Graham Taylor (author)

Graham Peter Taylor (born 1958 in Scarborough, North Yorkshire), pen-name G. P. Taylor, is the author of the best-selling[1][2] novels Shadowmancer, Wormwood and Tersias. Before taking up writing full-time, he was an Anglican vicar in the village of Cloughton, North Yorkshire.

His works reflect his faith, carrying Christian messages like The Chronicles of Narnia of C.S. Lewis. He began to write his works to counter the increasing number of works, such as Harry Potter and Buffy the Vampire Slayer, that he believed were encouraging children to investigate the occult.[3] His works have also garnered some controversy however, because whilst Taylor has claimed to be "an authority on Wicca and paganism", his books have been considered offensive by some neopagans for describing them as being tricked by the Devil.[4]

Contents

Biography

Taylor grew up in Yorkshire, but moved to London in the 1970s where he worked in the music industry with such bands as The Stranglers, Sex Pistols, Elvis Costello and Adam and the Ants. He became involved in the occult, and lived a life that was, in his own words "into all sorts of weird and wonderful things and wasn’t leading a godly life".[5] It was then that he turned to Christianity, and he later became a vicar with the Church of England.

When Taylor completed the manuscript of his first book, Shadowmancer, he opted to self-publish. Following its launch at Taylor's local bookshop, The Whitby Bookshop, the title proved a great success and quickly garnered a publishing deal with Faber and Faber in the UK and G. P. Putnam's Sons in the United States[6] for a further six novels. At this time he resigned as parish priest and moved to a private home some 3 miles from his former parish. His books have since been translated into forty-eight languages and optioned for the movies.
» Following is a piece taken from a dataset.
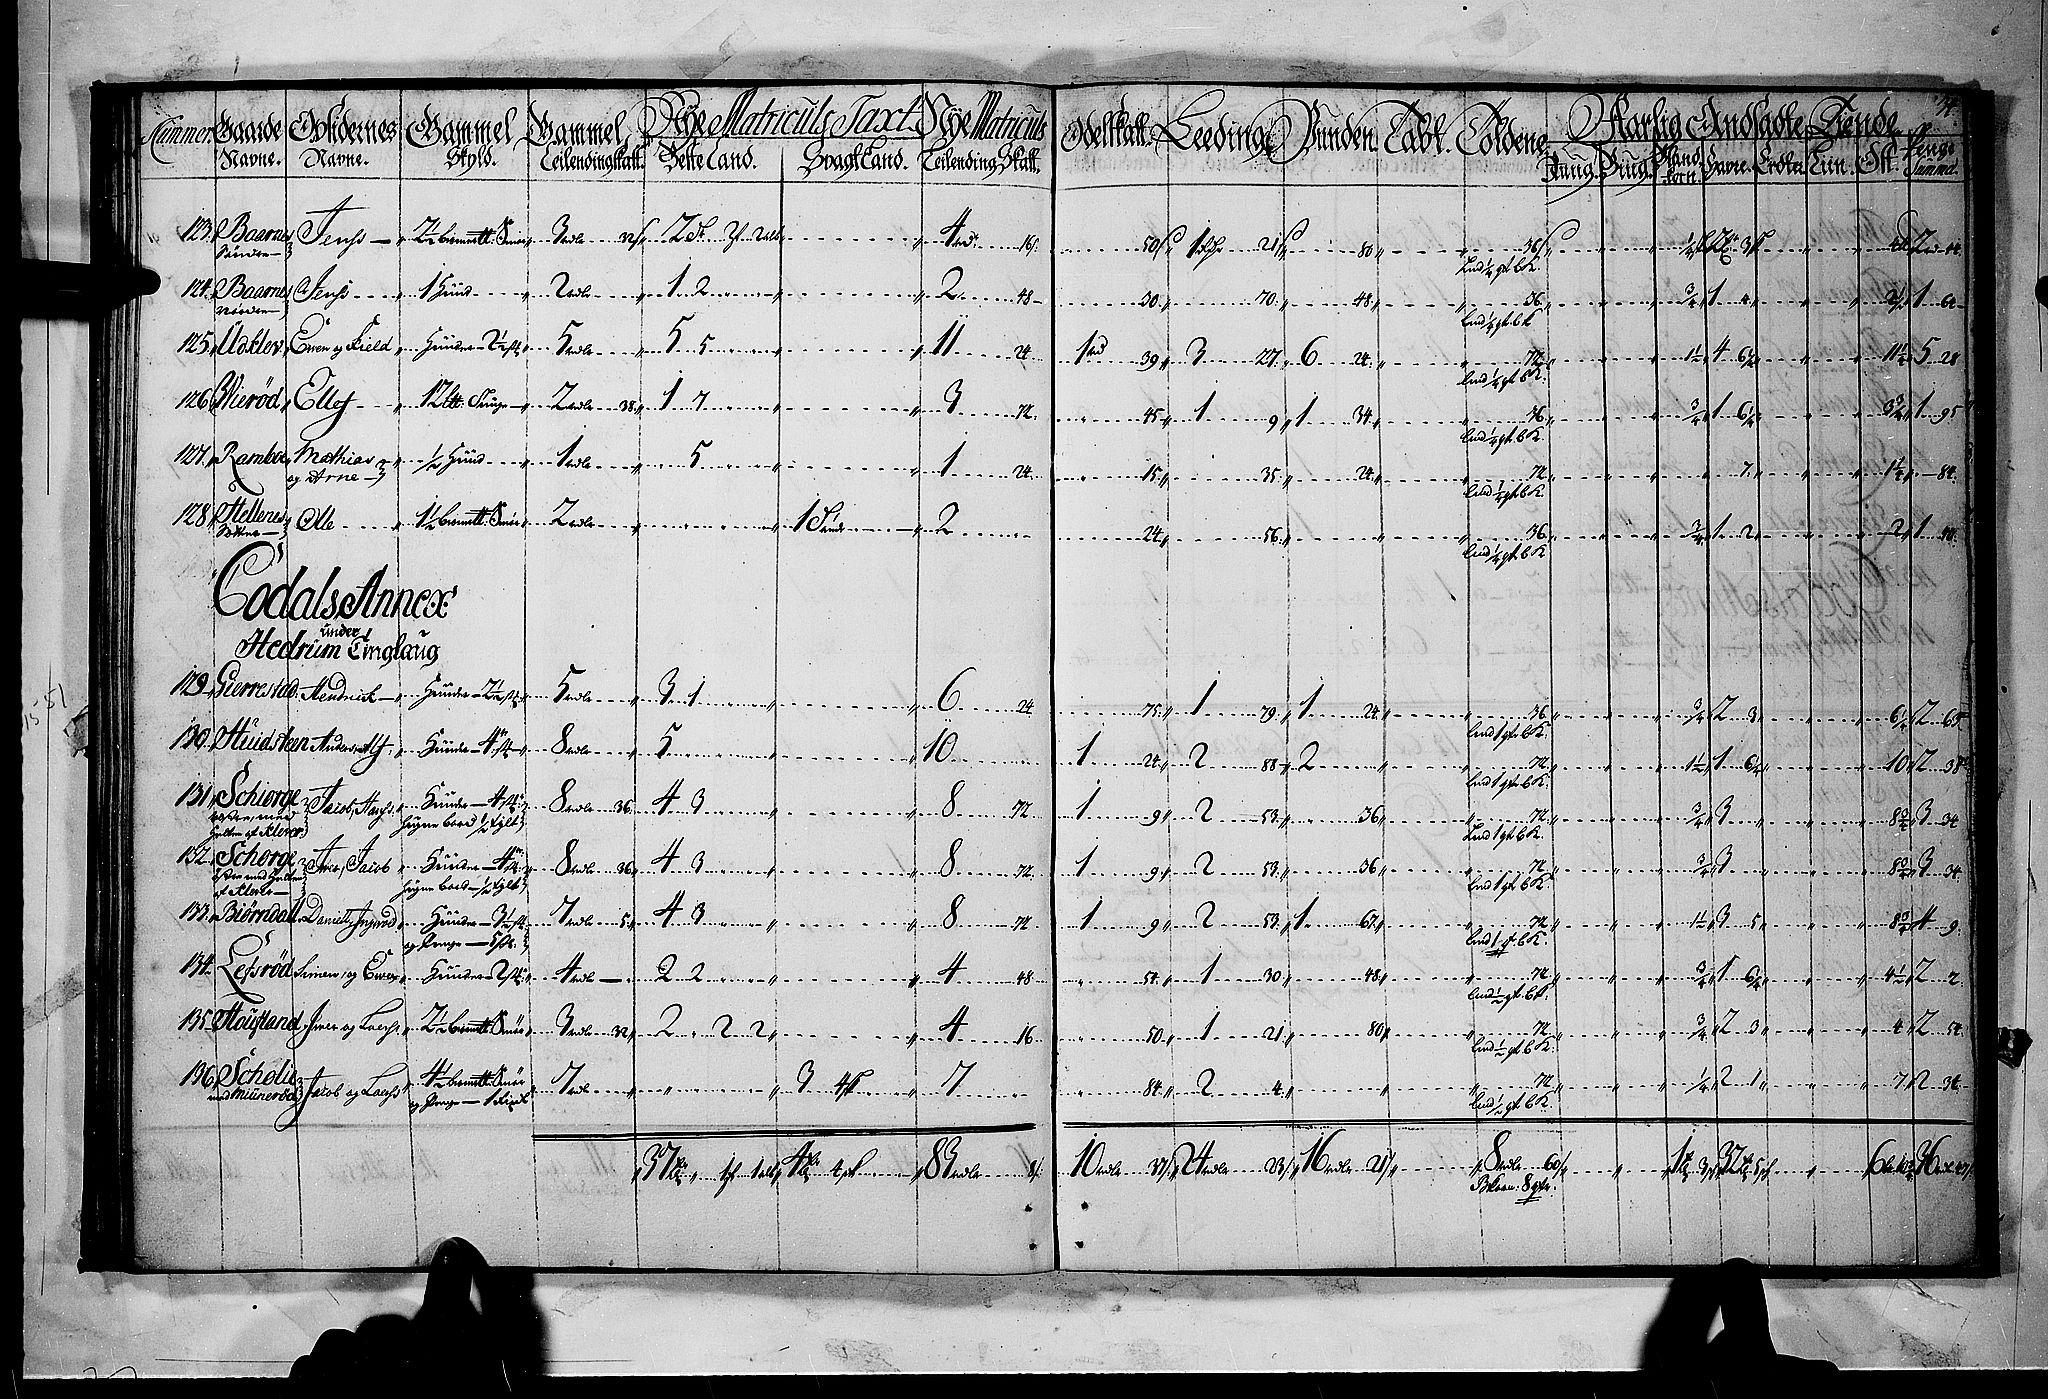 RA, Rentekammeret inntil 1814, Realistisk ordnet avdeling, N/Nb/Nbf/L0118: Larvik grevskap matrikkelprotokoll, 1723, s. 33b-34a

His second novel, Wormwood, was nominated for the American book award known as The Quills. Tersias is his third novel and was published in the UK in 2005. In August 2006, Faber published a follow up to Shadowmancer entitled The Curse of Salamander Street.

In October 2006, Taylor's first ever 'illustronovella', The Tizzle Sisters & Erik was released by Markosia. A mixture of prose and graphic novel, Taylor was joined on the book by fellow collaborators Tony Lee, Dan Boultwood, and Harry Potter artist Cliff Wright.

He also contributed text to a book on the Yorkshire coast by photographer Mark Denton.

He announced his retirement in October 2009 in order to care for his daughter, who suffers from Crohn's disease.[7]

In November 2009, in a column written for the Yorkshire Post newspaper, he announced his dissatisfaction with the Church of England, noting that he might be better served spiritually in the Catholic Church.[8] Describing the thought of becoming a Catholic as "heart-breaking" and an act of deserting a "sinking ship", he accused the Anglican Church of sinking "into a liberal pit that was no earthly use and offered no hope, no love and no grace".[9] He added that the "church I once loved has, on the whole, become the spiritual arm of New Labour."[9] An editorial in the paper,[10] followed by others including the Guardian,[9] interpreted this as announcing that he had actually decided to convert. Taylor refuted this suggestion during an interview on the Sunday Breakfast show on Premier Christian Radio on 8 November 2009,[11] saying that the newspaper had got the wrong end of the stick.

The Mariah Mundi Series

Taylor has written a 3 book series on Mariah Mundi and his companions Captain Jack Charity and Sacha. Mariah becomes involved with the Bureau of Antiquities, an alleged secret part of the government that deals with all things supernatural. The first book in the series, Mariah Mundi and the Midas Box, involves a capturing plot on a box that has the power to turn things to gold, while the second, Mariah Mundi and the Ghost Diamonds, follows a sequel pattern about the mysterious Ghost Diamonds. The third, Mariah Mundi and the Ship of Fools, is different to the first because it makes few references to the previous but still contains the essential characters and motivating storyline with Mariah and Charity trapped aboard a doomed ship half way across the Atlantic Ocean with only a mad marquis, a dodgy inventor, and their odd families for company.

In 2008 Taylor signed a deal with film production company Entertainment Motion Pictures (E-Motion) to make a big budget film of the first in the series - 'Mariah Mundi and the Midas Box'. This film is currently in development.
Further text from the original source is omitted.